Stokes settling of a small sphere: the terminal velocity in a viscous fluid varies primarily with which parameter (holding others constant)?

Introduction:
Very small particles settling slowly in a viscous fluid obey Stokes’ law, an analytical solution valid at low Reynolds numbers. Recognizing how terminal velocity depends on material and fluid properties is essential for clarifier design and fine particle separations.

Given Data / Assumptions:

• Spherical particle, creeping flow (Re < 1).
• Uniform fluid, isothermal, quiescent.
• Terminal (steady) settling velocity v_t.

Concept / Approach:
Stokes’ law gives v_t = g (ρ_p − ρ_f) d^2 / (18 μ). Thus v_t is directly proportional to d^2 and to the density difference, and inversely proportional to dynamic viscosity μ. Among the options provided, the correct single-statement dependence highlighted is the inverse proportionality to μ.

Step-by-Step Solution:
Write Stokes formula: v_t = [g (ρ_p − ρ_f) d^2] / (18 μ).Identify dependences: v_t ∝ d^2; v_t ∝ (ρ_p − ρ_f); v_t ∝ 1/μ.Match with options: only the viscosity inverse dependence is stated correctly.
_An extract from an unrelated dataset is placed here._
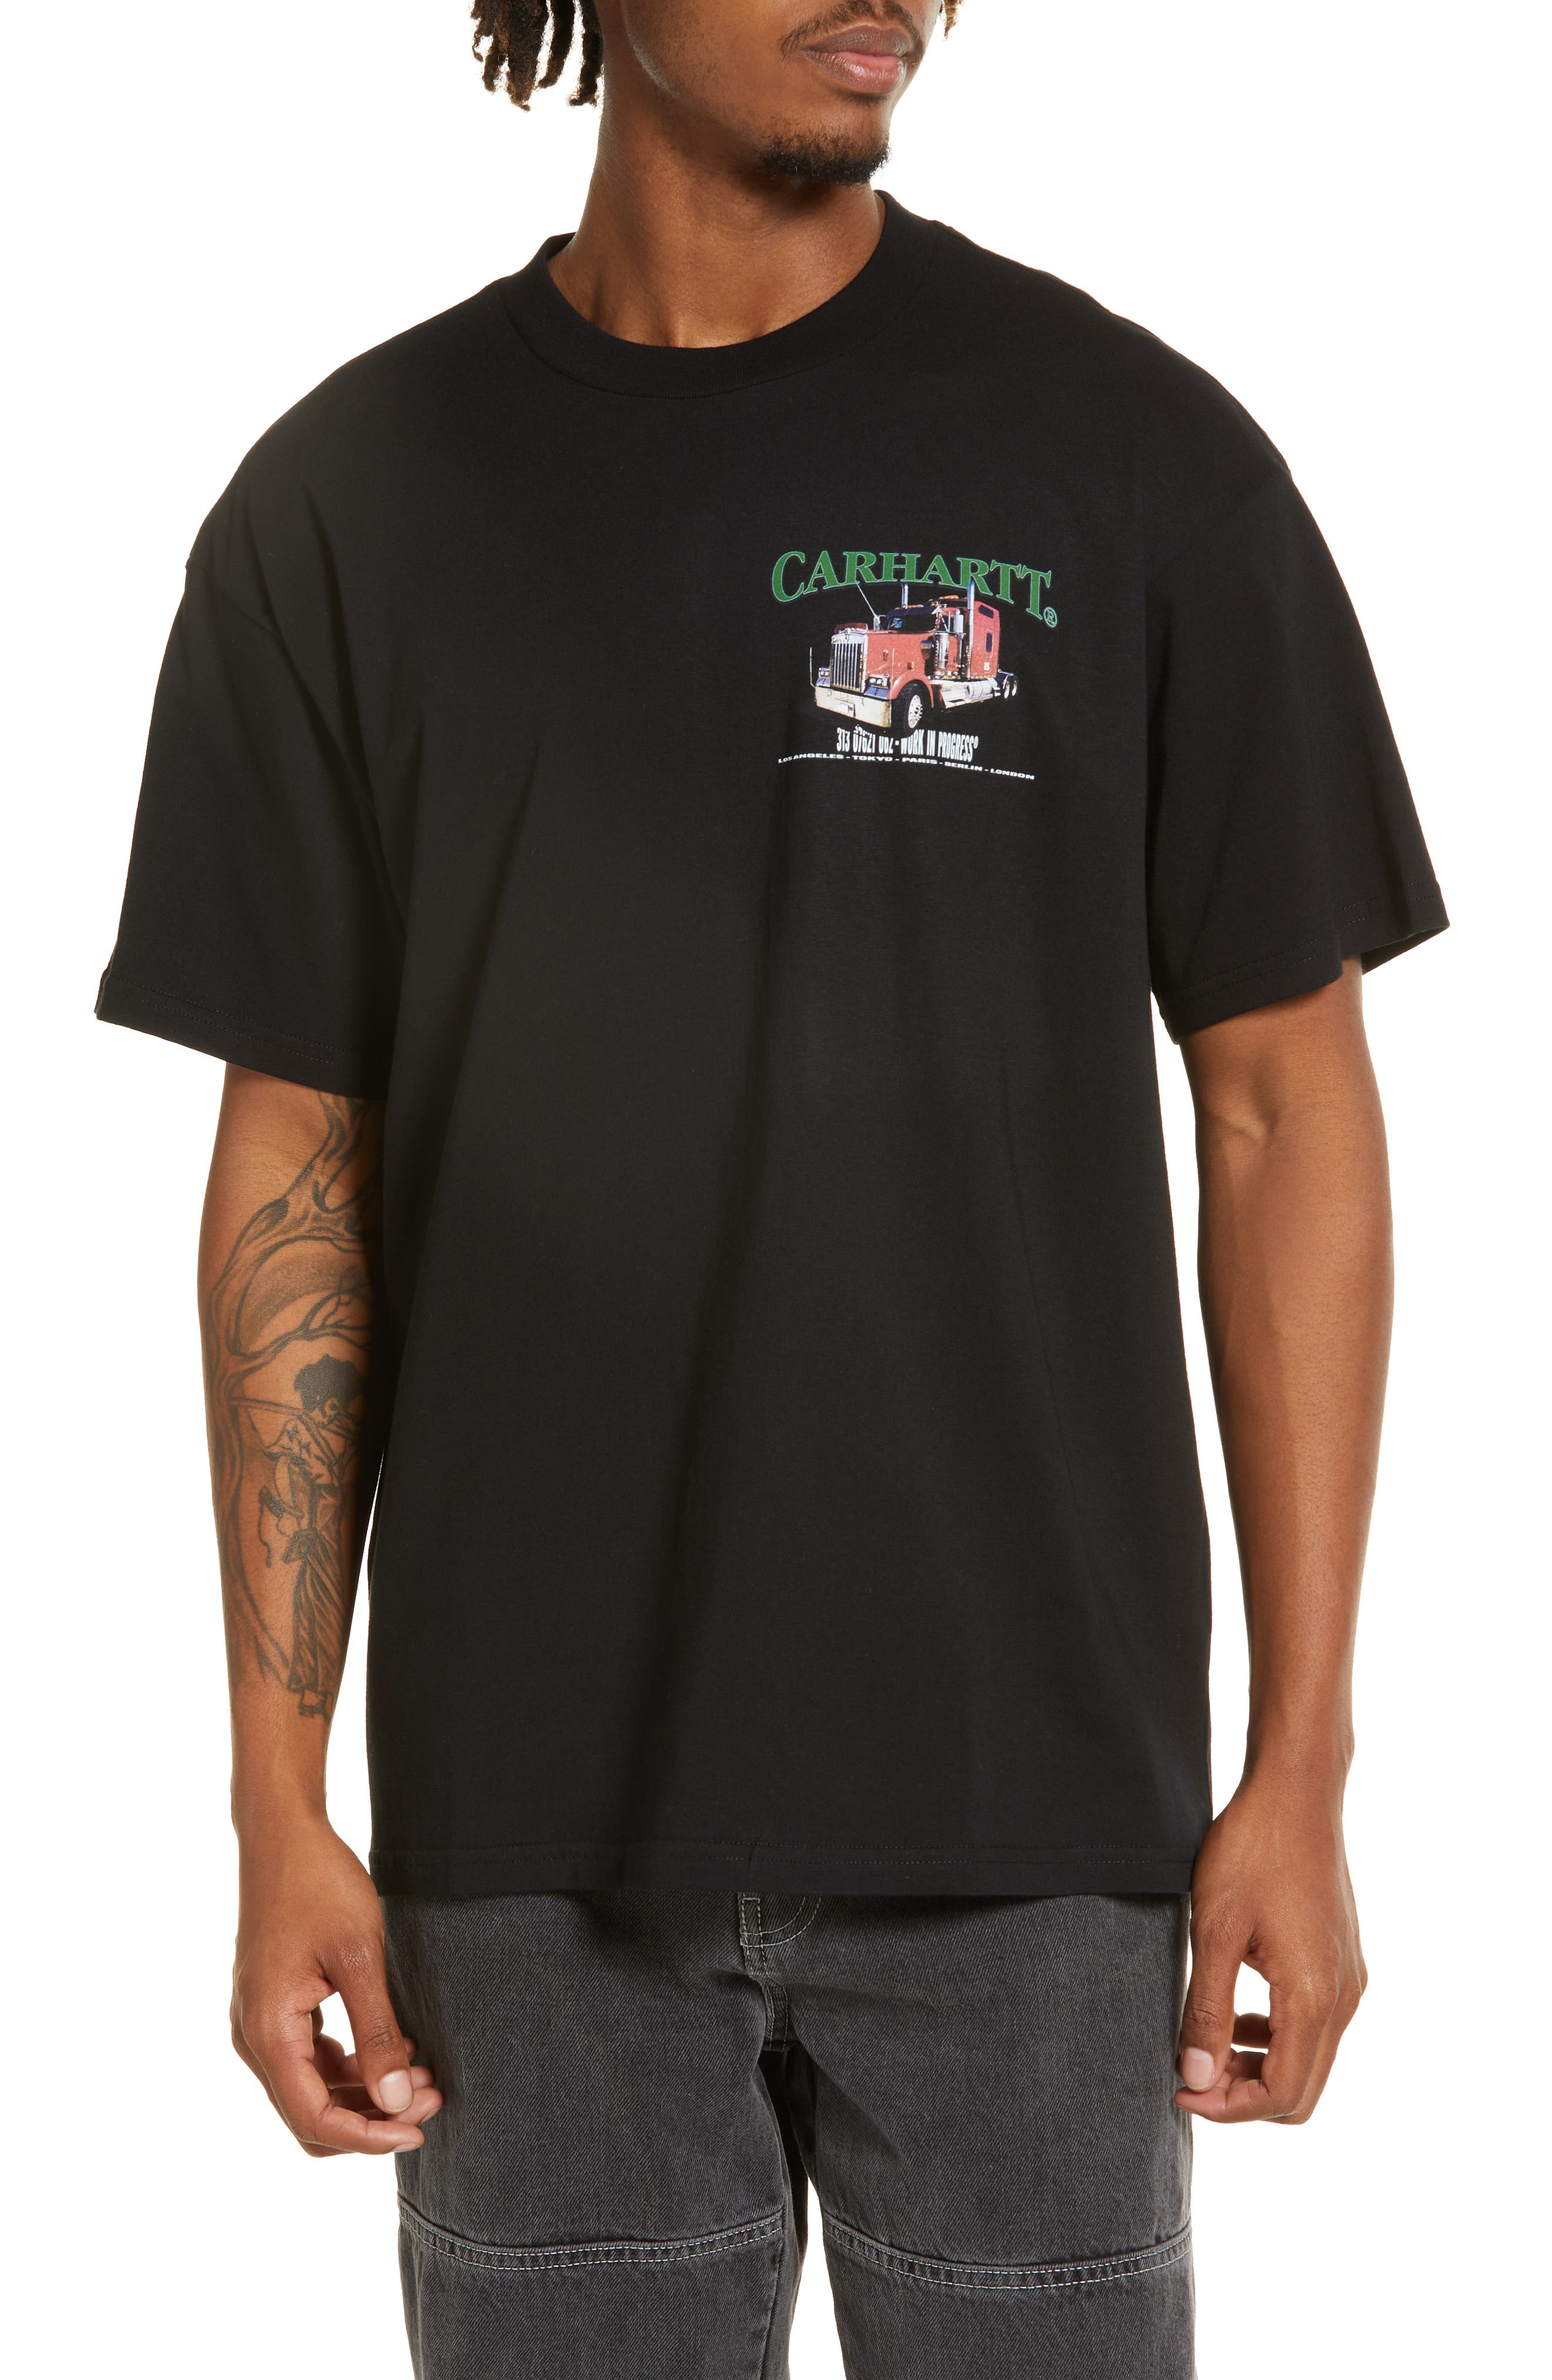 Carhartt señores t-shirt Graphic hard work opaca camisa S M L XL XXL Nuevo 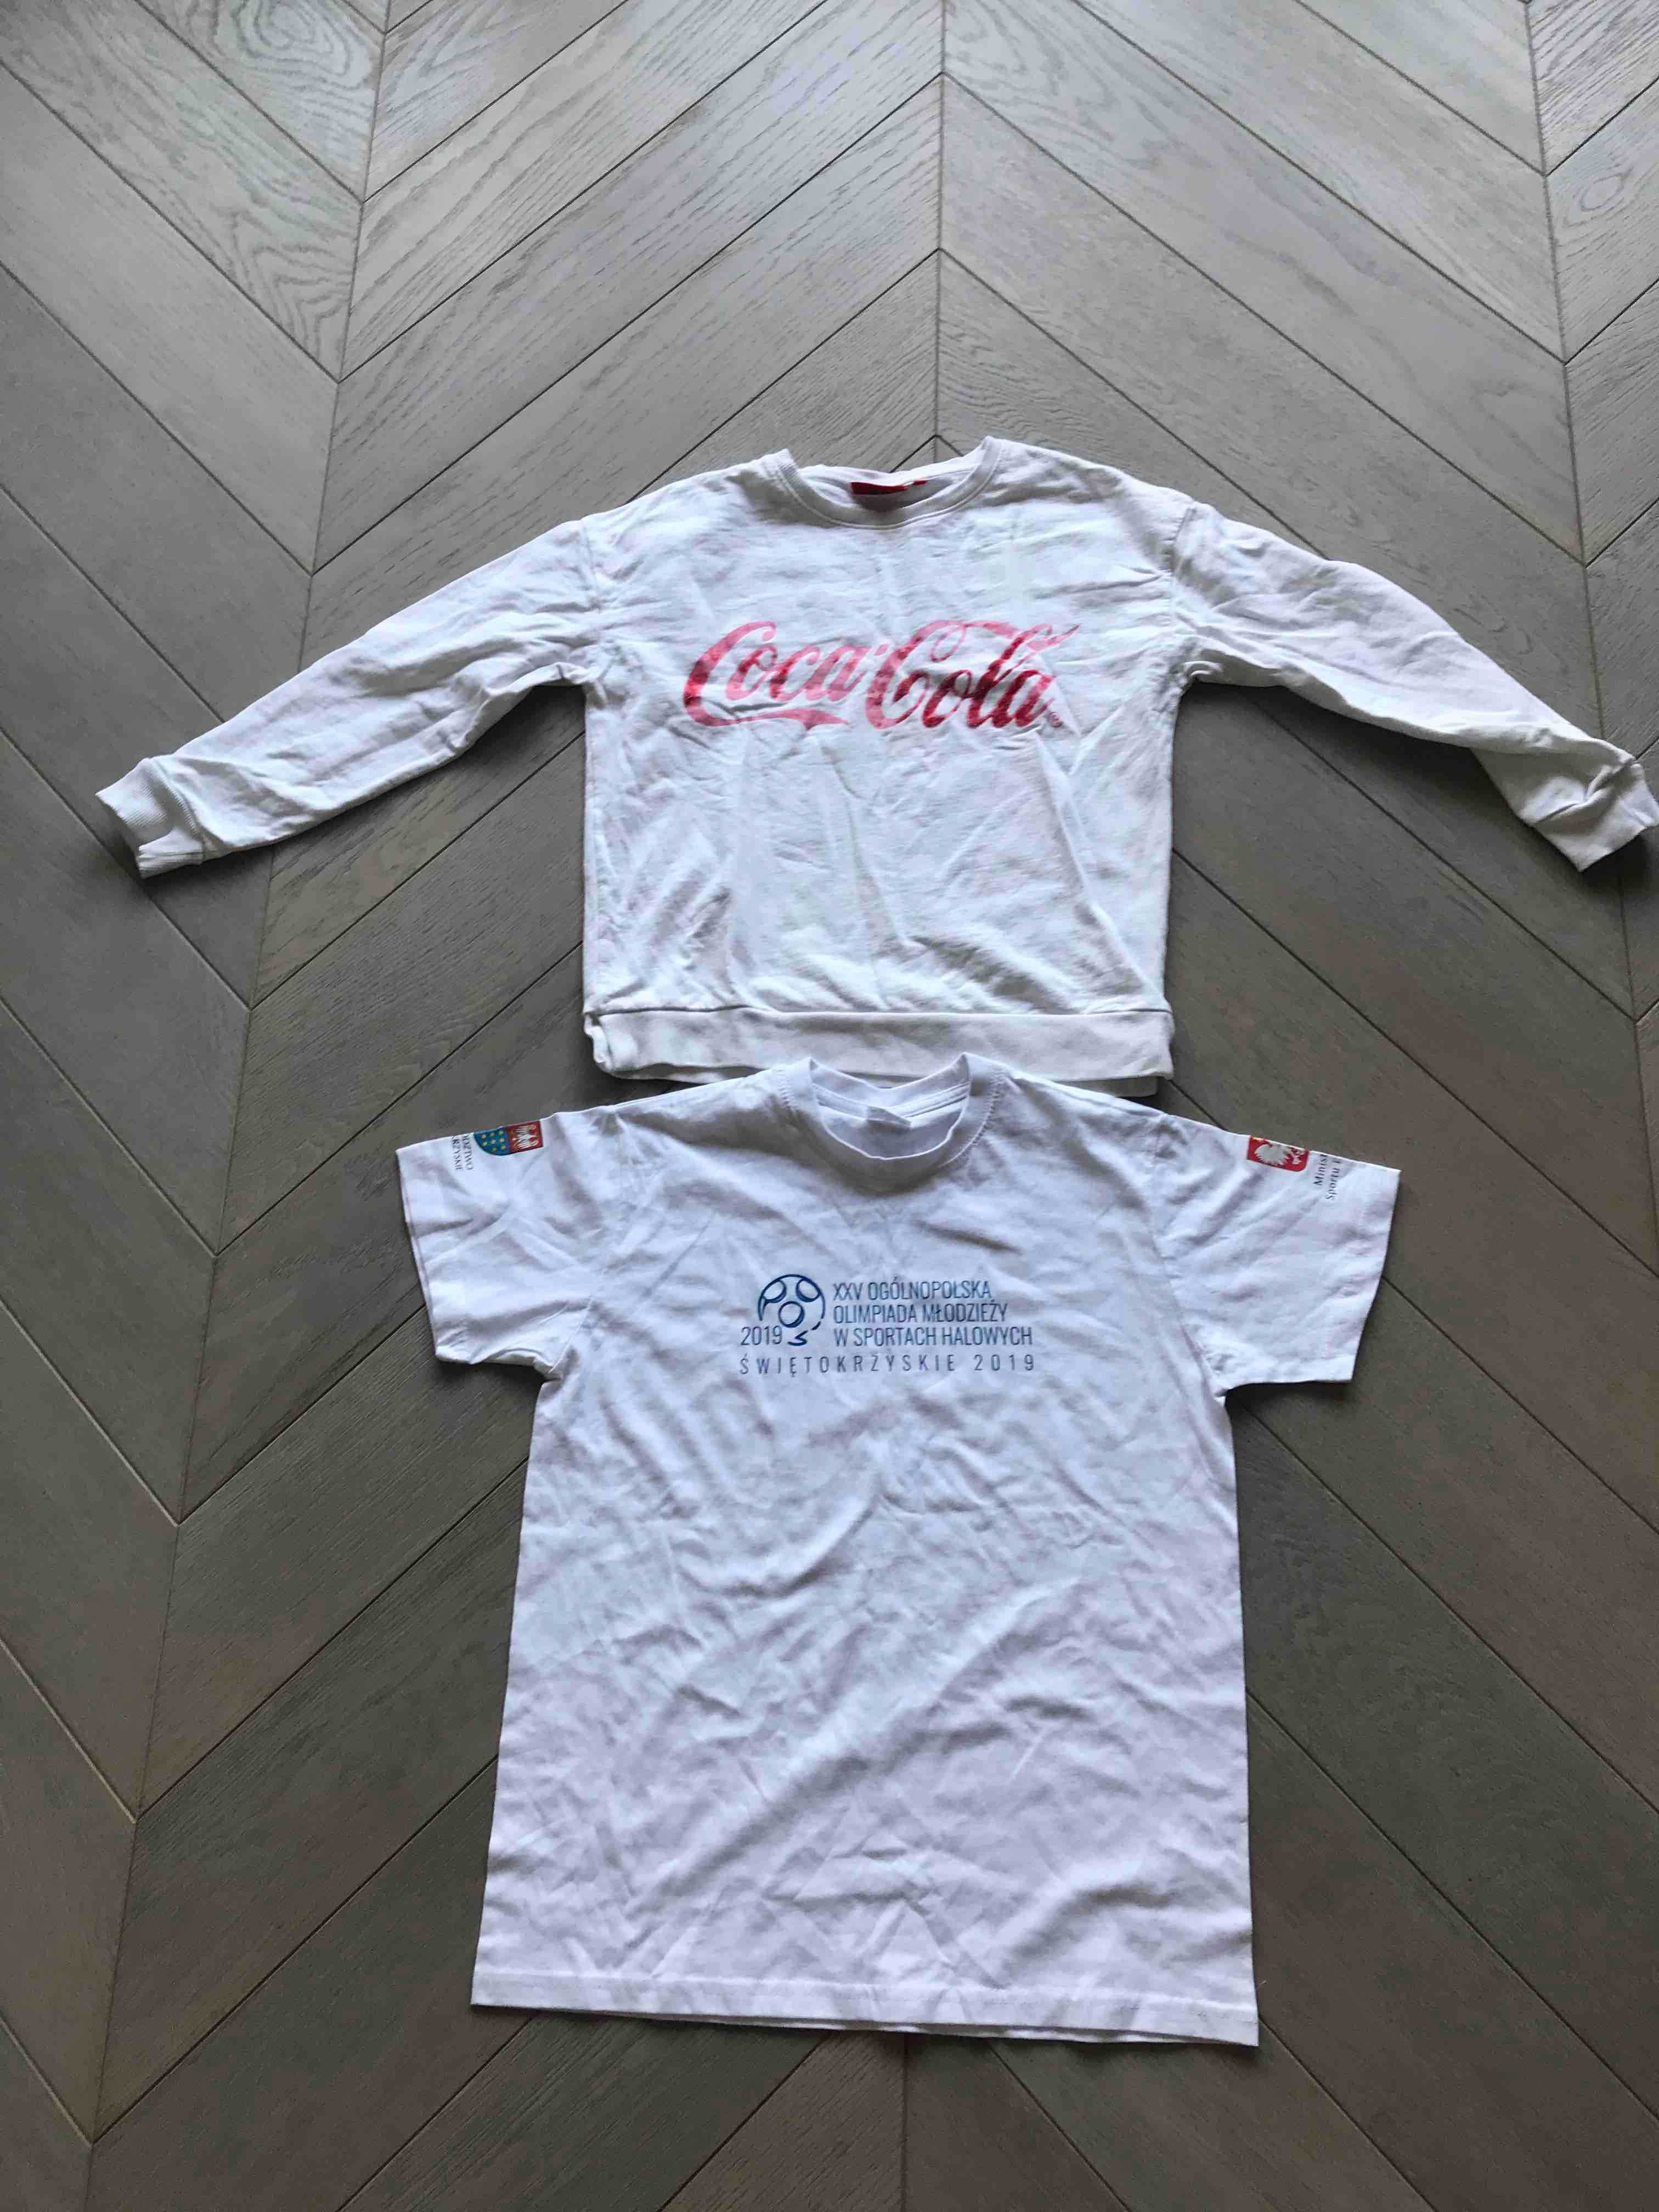 bluza z napisem coca-cola oraz koszulka

Verification / Alternative check:
Dimensional analysis of drag in creeping flow (D = 3 π μ d v) plus force balance D = W − B leads directly to v_t inversely proportional to μ.

Why Other Options Are Wrong:

• First power of diameter: should be second power (d^2) under Stokes law.
• Inverse square of diameter: incorrect trend and dimensionally inconsistent.
• Square of density difference: dependence is first power, not squared.
• Fourth power of diameter: not applicable in creeping flow.

Common Pitfalls:
Confusing Stokes (v_t ∝ d^2) with Newton’s law regime (v_t ∝ d^0.5) at high Reynolds numbers. Always check regime validity first.

Final Answer:
Inverse of fluid viscosity